** Opening Extracted data block **

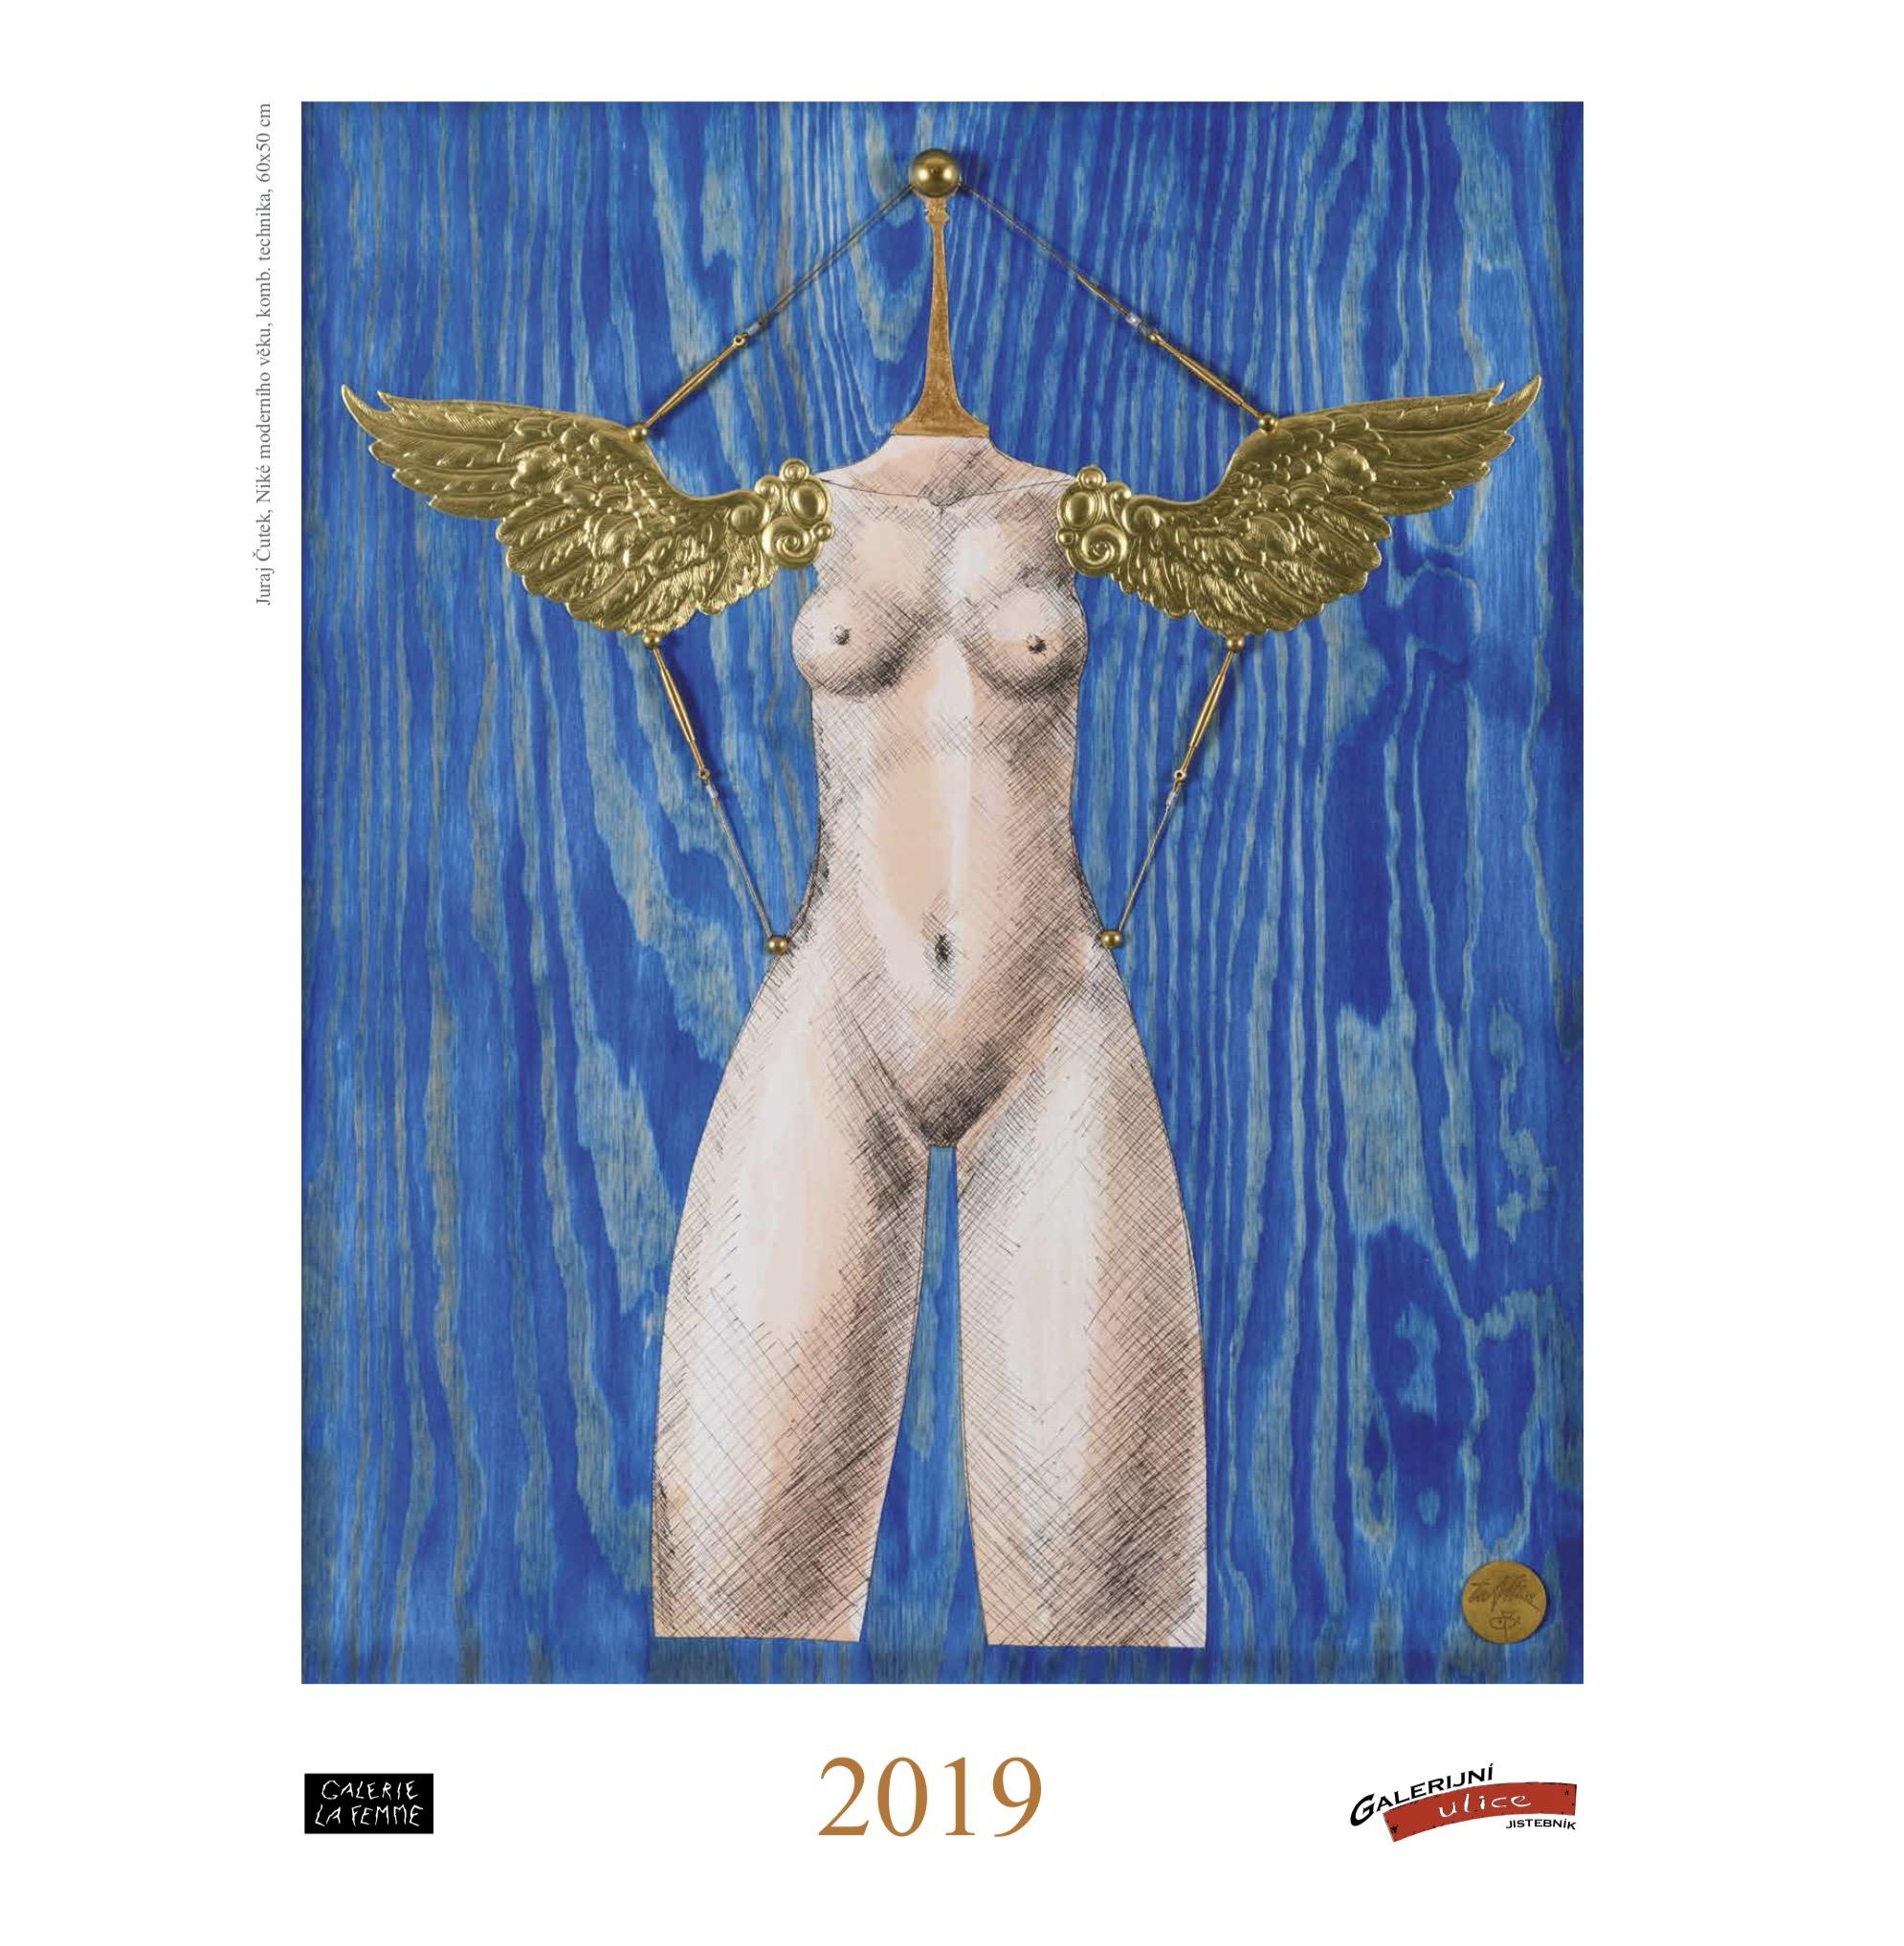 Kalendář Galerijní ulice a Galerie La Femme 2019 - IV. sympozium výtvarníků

** Closing Extracted data block **
** Opening Extracted data block **

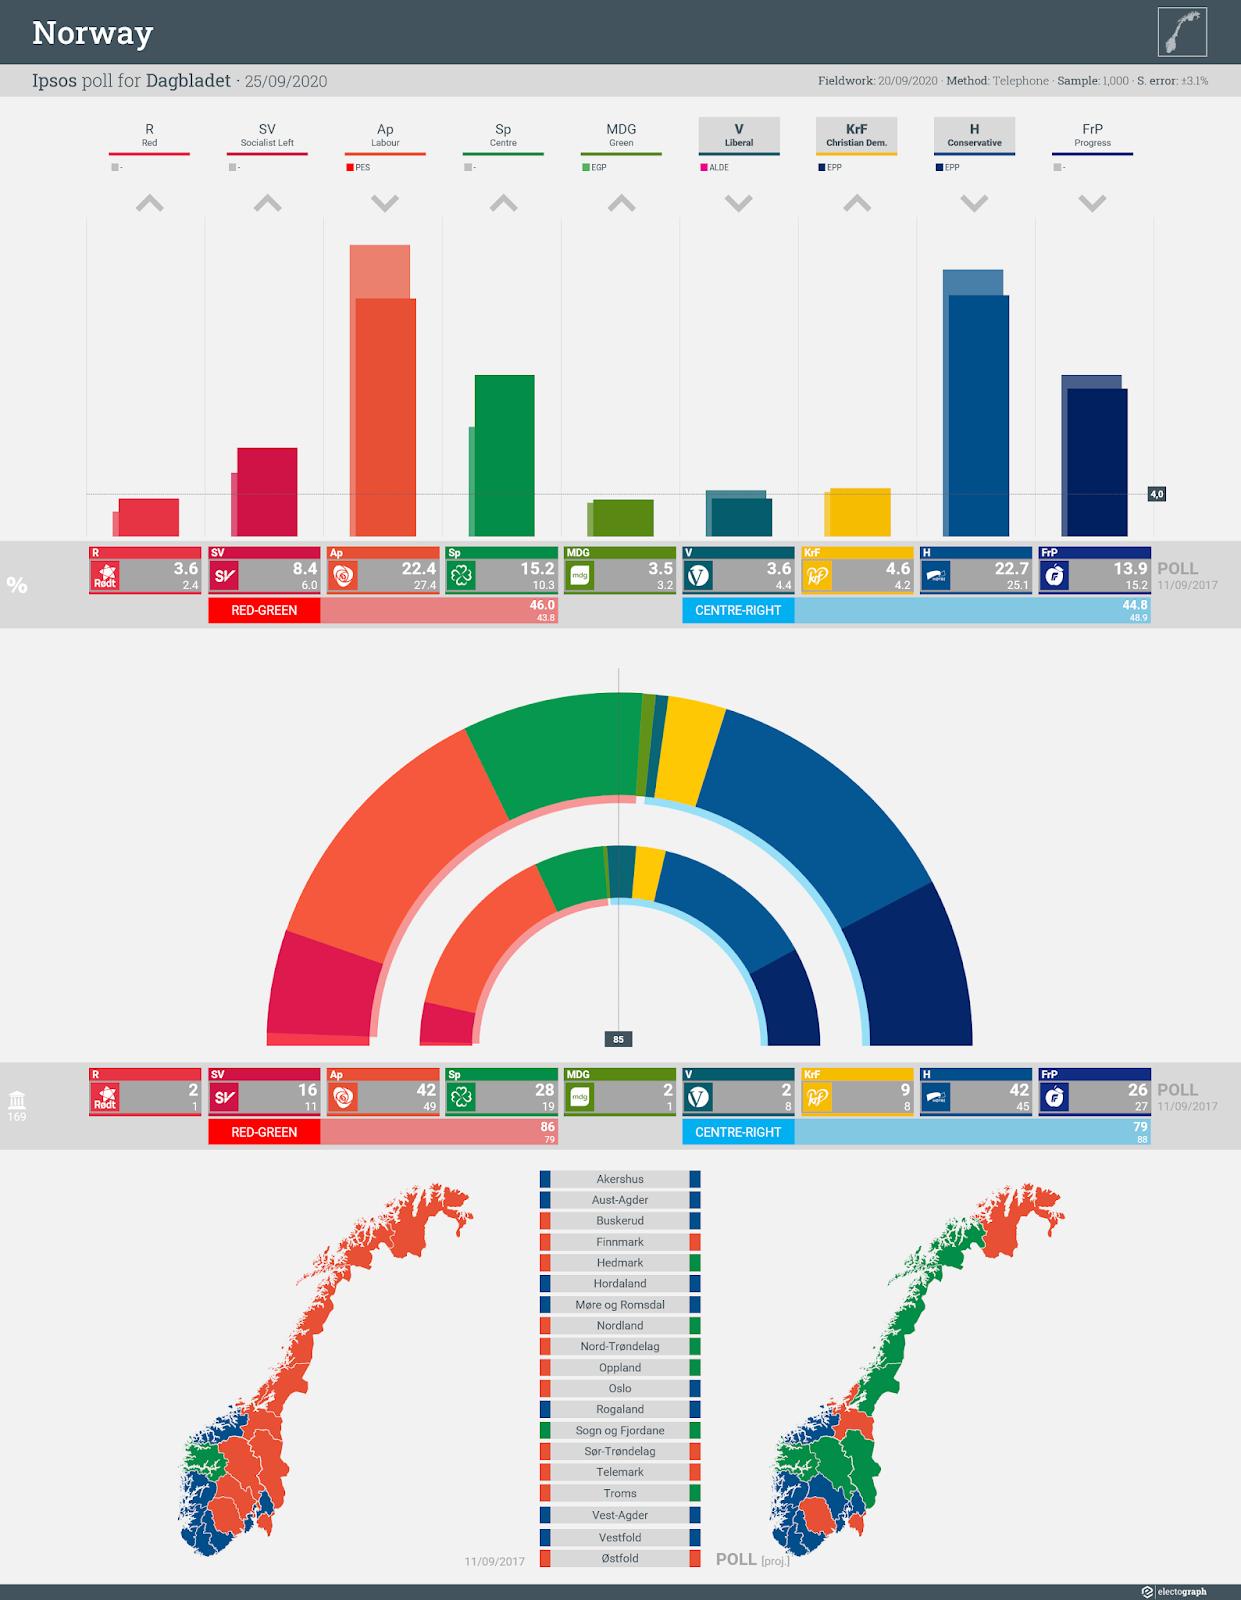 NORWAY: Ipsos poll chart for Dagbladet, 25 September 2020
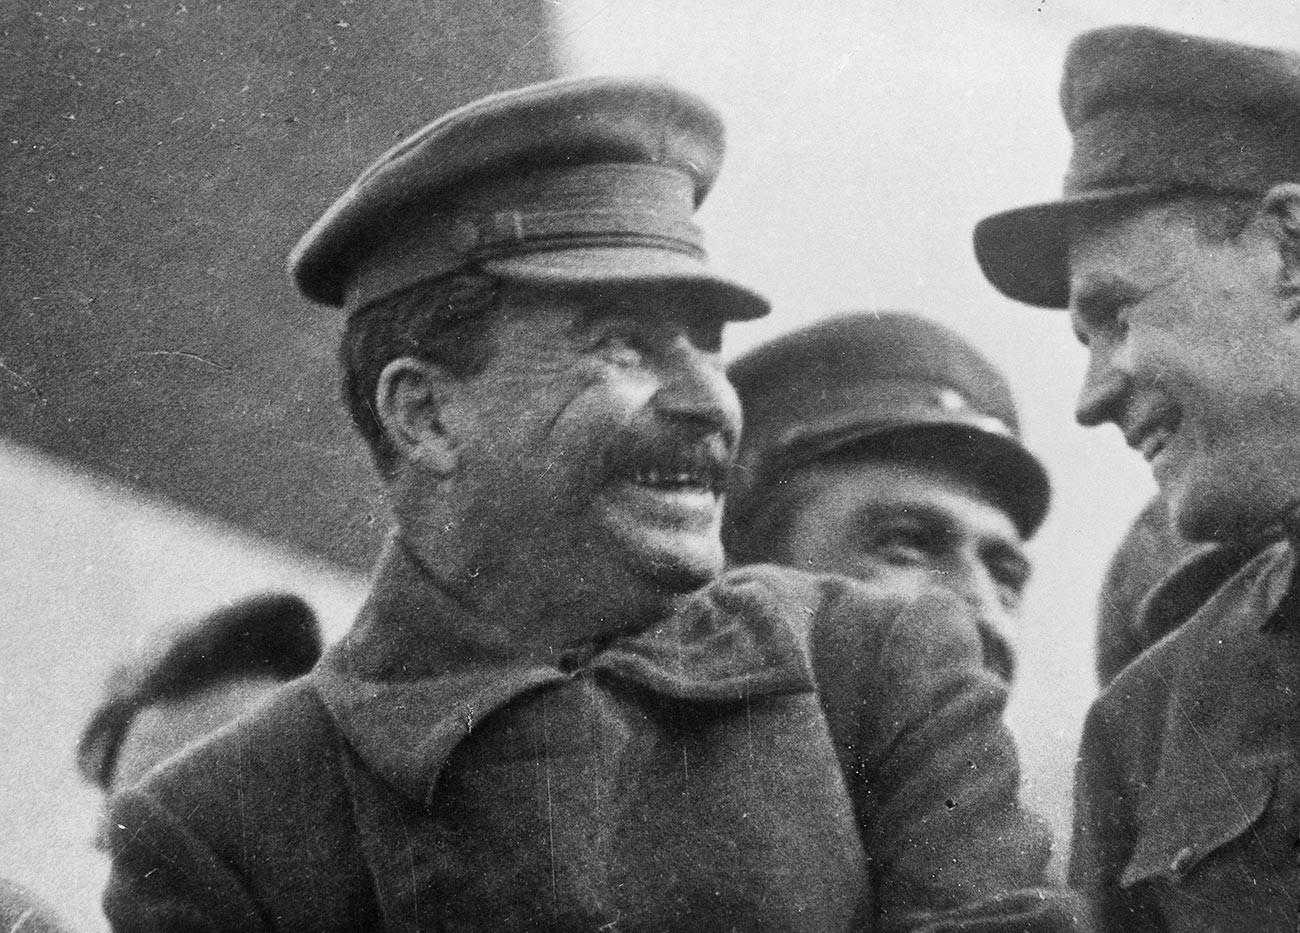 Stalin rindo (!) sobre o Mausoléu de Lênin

** Closing Extracted data block **

§ Work instruction
Give again, exactly as written above, every line from the one holding "NORWAY: Ipsos poll" to the one holding "Stalin rindo (!) sobre o Mausoléu de Lênin", with both ends kept and the pictures left out.

§ Exercise answer
 NORWAY: Ipsos poll chart for Dagbladet, 25 September 2020
 Stalin rindo (!) sobre o Mausoléu de Lênin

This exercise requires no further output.